Maliampi is a phylogenetic placement-based pipeline for handling 16S rRNA amplicons (the most common type of microbiome study data).

Maliampi's overall philosophy is to embrace and work with the inherent ambiguity involved in any PCR / seqencing based approach, as well as rationally deal with the limits of the available references mapping between sequence-space and taxonomy.

A typical workflow:

  1. Create sequence variants
  2. Make a reference package
  3. Place on the reference package
  4. Classify

Advantages of Maliampi

  • Containerized dependencies

    Maliampi uses docker containers for all of the software called by the pipeline. This means no fussing with getting archane academic software matched up properly with dependencies, or issues with reproducing the pipeline environment on your system.

  • Modular design

    While maliampi can start with fastq files straight from the sequencer, you can also opt to use your own sequence variant / OTU generation strategy and just use maliampi to make a reference package.

Installation

Right now, maliampi relies upon a custom-fork of sciluigi. That means one cannot simply install with pip. (Pull request is pending).

Dependencies

  • Python 3
  • Docker (if you want to run locally)

Installation

For a variety of reasons, maliampi works best on an unix-like operating system (linux, MacOS, WSL). Directions here are based on an unix-like system.

  1. Install python3 with pip.

    Ubuntu: sudo apt-get install python3-pip

    Mac: I suggest via brew.

  2. (Optional) Install docker engine community edition.

    This is needed if you want to run things locally for testing and is strongly suggested.

    Windows + Docker is not a happy marriage right now--particularly when attempting to bind local directories in containers. Thus, maliampi does not work well on windows, even with docker and python installed.

  3. Create a python virtual environment (strongly recommended).

    i) python3 -m venv maliampi-env

    ii) source maliampi-env/bin/activate

    iii) pip install pip --upgrade

  4. Obtain and install the custom fork of sciluigi

    i. download sciluigi as a zip

    ii.

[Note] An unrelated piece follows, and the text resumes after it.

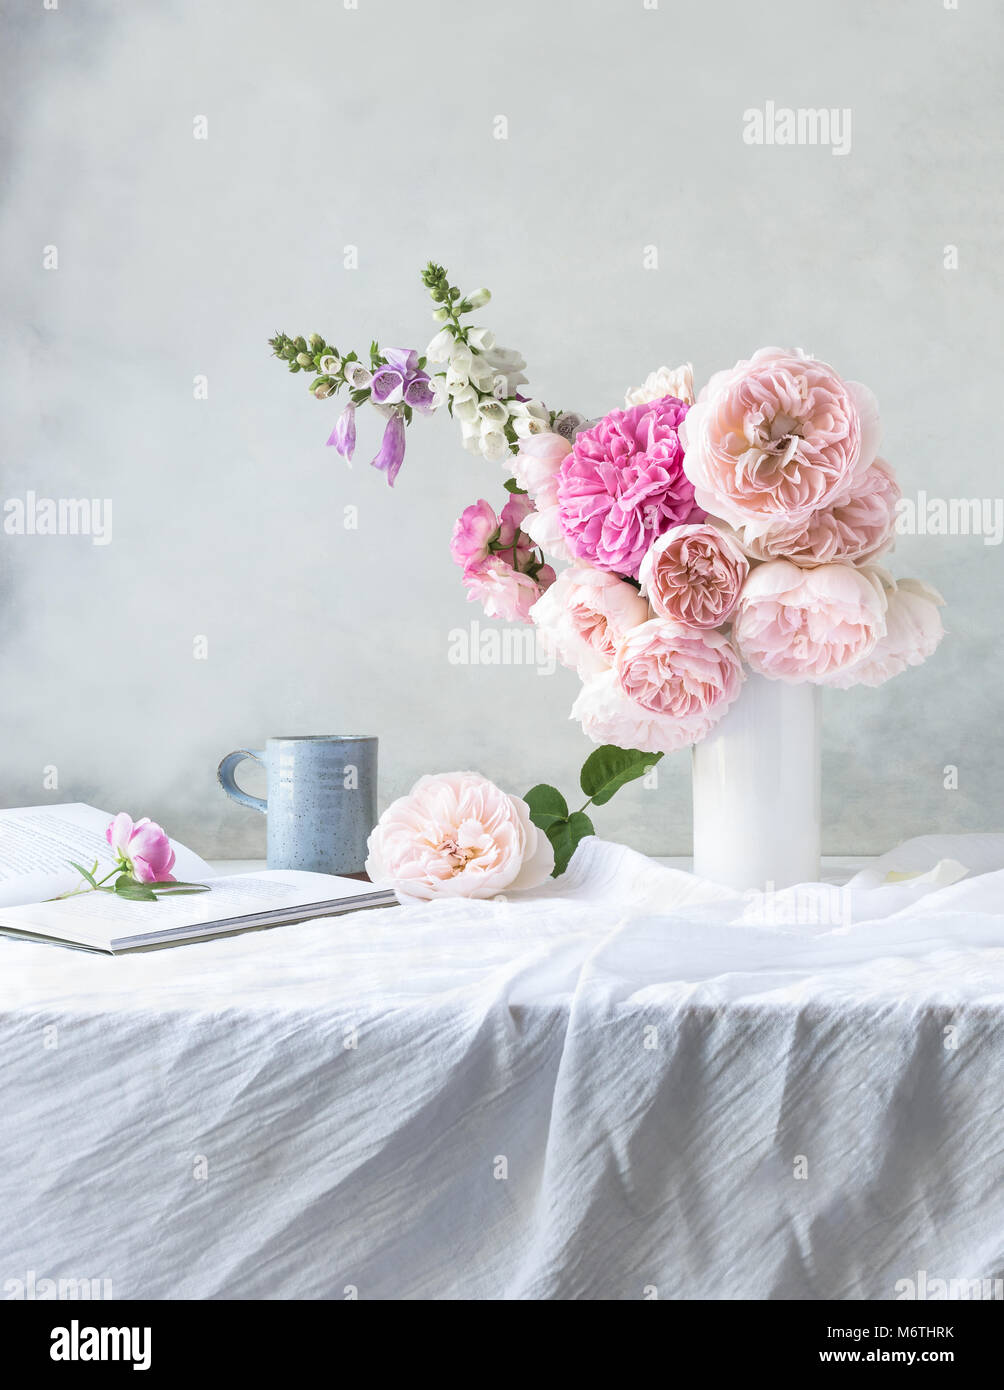 Still life, indoor, front view of table covered with pale grey linen, with white vase of pink David Austin roses & foxgloves, pale blue mug, open book Stock Photo

Unzip:

    unzip containertask.zip

    iii. Install using pip:

    pip3 install sciluigi-containertask/

    iv. Copy over and edit the containerinfo.ini file.

    mkdir ~/.sciluigi && cp sciluigi-containertask/example-config/containerinfo.ini ~/.sciluigi/

    v. Cleanup rm -r sciluigi-containertask && rm containertask.zip

  5. Obtain and install maliampi

    i. download maliampi as a zip

    ii. Unzip:

    unzip master.zip

    iii. Install using pip:

    pip3 install maliampi-master/

    iv. Move the practice data

    mv maliampi-master/maliampi-practice-data/ .

    v. Cleanup

    rm -r maliampi-master && rm master.zip

Tutorial

The tutorial presumes you have maliampi installed as above (and if in a virtual environment, the virtual environment activated).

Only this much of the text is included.